From: csagan5 <32685696+csagan5@users.noreply.github.com>
Date: Sat, 28 Oct 2017 10:09:41 +0200
Subject: Inject scripts for AMP, tracking, ads and video
Remove AMP, tracking and ads from search/news results
Break Page Visibility API and Fullscreen API for youtube.com and vimeo.com to allow playing videos in background (original Javascript code by timdream)
Set proper injection script nonce
Send a random key press to circumvent idle status detection
License: GPL-3.0-only - https://spdx.org/licenses/GPL-3.0-only.html
---
third_party/blink/renderer/core/dom/build.gni | 2 +
.../blink/renderer/core/dom/document.cc | 64 +++++++++++++++++++
.../blink/renderer/core/dom/document.h | 3 +
.../core/dom/extensions/anti_amp_cure.h | 6 ++
.../core/dom/extensions/video_bg_play.h | 6 ++
.../renderer/core/html/html_script_element.cc | 5 ++
.../renderer/core/html/html_script_element.h | 1 +
7 files changed, 87 insertions(+)
create mode 100644 third_party/blink/renderer/core/dom/extensions/anti_amp_cure.h
create mode 100644 third_party/blink/renderer/core/dom/extensions/video_bg_play.h
diff --git a/third_party/blink/renderer/core/dom/build.gni b/third_party/blink/renderer/core/dom/build.gni
--- a/third_party/blink/renderer/core/dom/build.gni
+++ b/third_party/blink/renderer/core/dom/build.gni
@@ -167,6 +167,8 @@ blink_core_sources_dom = [
"has_invalidation_flags.h",
"icon_url.cc",
"icon_url.h",
+ "extensions/anti_amp_cure.h",
+ "extensions/video_bg_play.h",
"id_target_observer.cc",
"id_target_observer.h",
"id_target_observer_registry.cc",
diff --git a/third_party/blink/renderer/core/dom/document.cc b/third_party/blink/renderer/core/dom/document.cc
--- a/third_party/blink/renderer/core/dom/document.cc
+++ b/third_party/blink/renderer/core/dom/document.cc
@@ -295,6 +295,7 @@
#include "third_party/blink/renderer/core/page/scrolling/root_scroller_controller.h"

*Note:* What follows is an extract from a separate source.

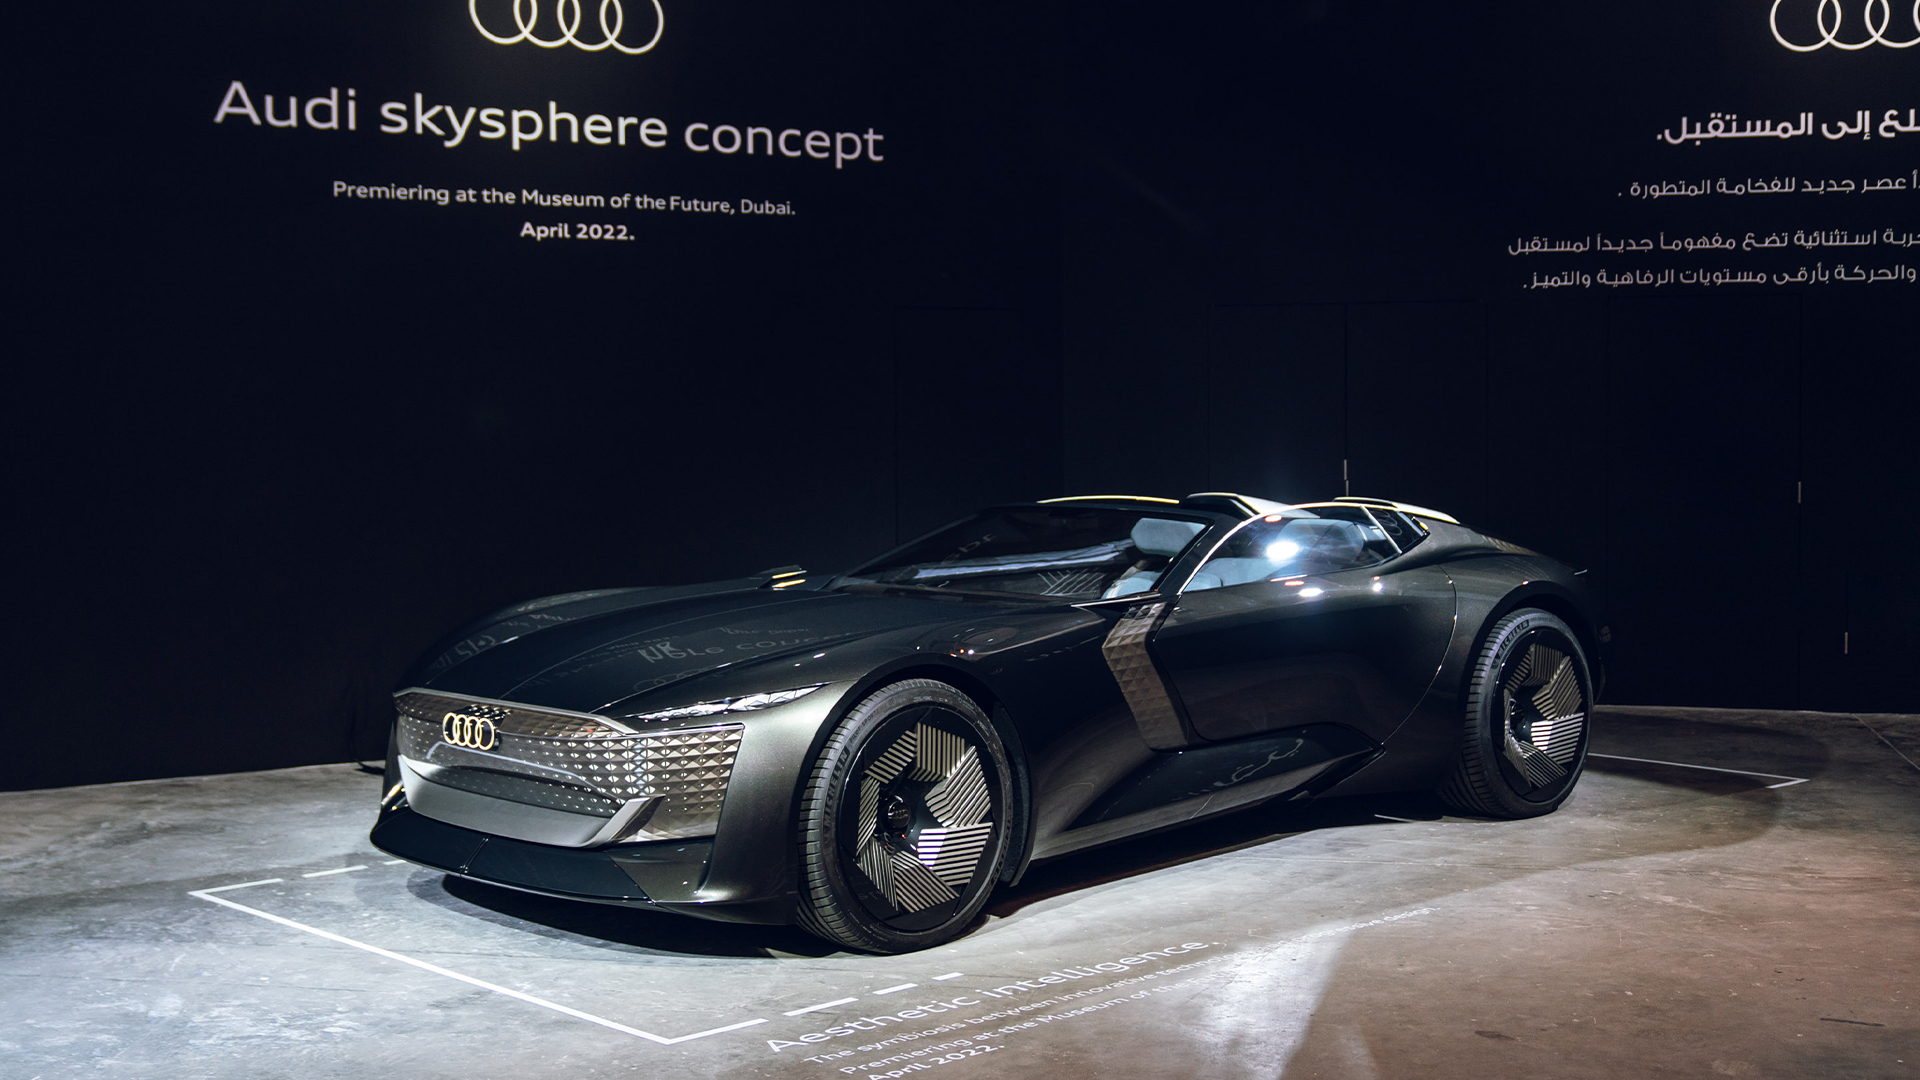 The Audi skysphere concept is on show at the museum.

#include "third_party/blink/renderer/core/page/scrolling/scroll_state_callback.h"
#include "third_party/blink/renderer/core/page/scrolling/scrolling_coordinator.h"
+#include "extensions/video_bg_play.h"
#include "third_party/blink/renderer/core/page/scrolling/snap_coordinator.h"
#include "third_party/blink/renderer/core/page/scrolling/top_document_root_scroller_controller.h"
#include "third_party/blink/renderer/core/page/spatial_navigation_controller.h"
@@ -372,6 +373,8 @@
#include "third_party/blink/renderer/platform/wtf/text/string_buffer.h"
#include "third_party/blink/renderer/platform/wtf/text/text_encoding_registry.h"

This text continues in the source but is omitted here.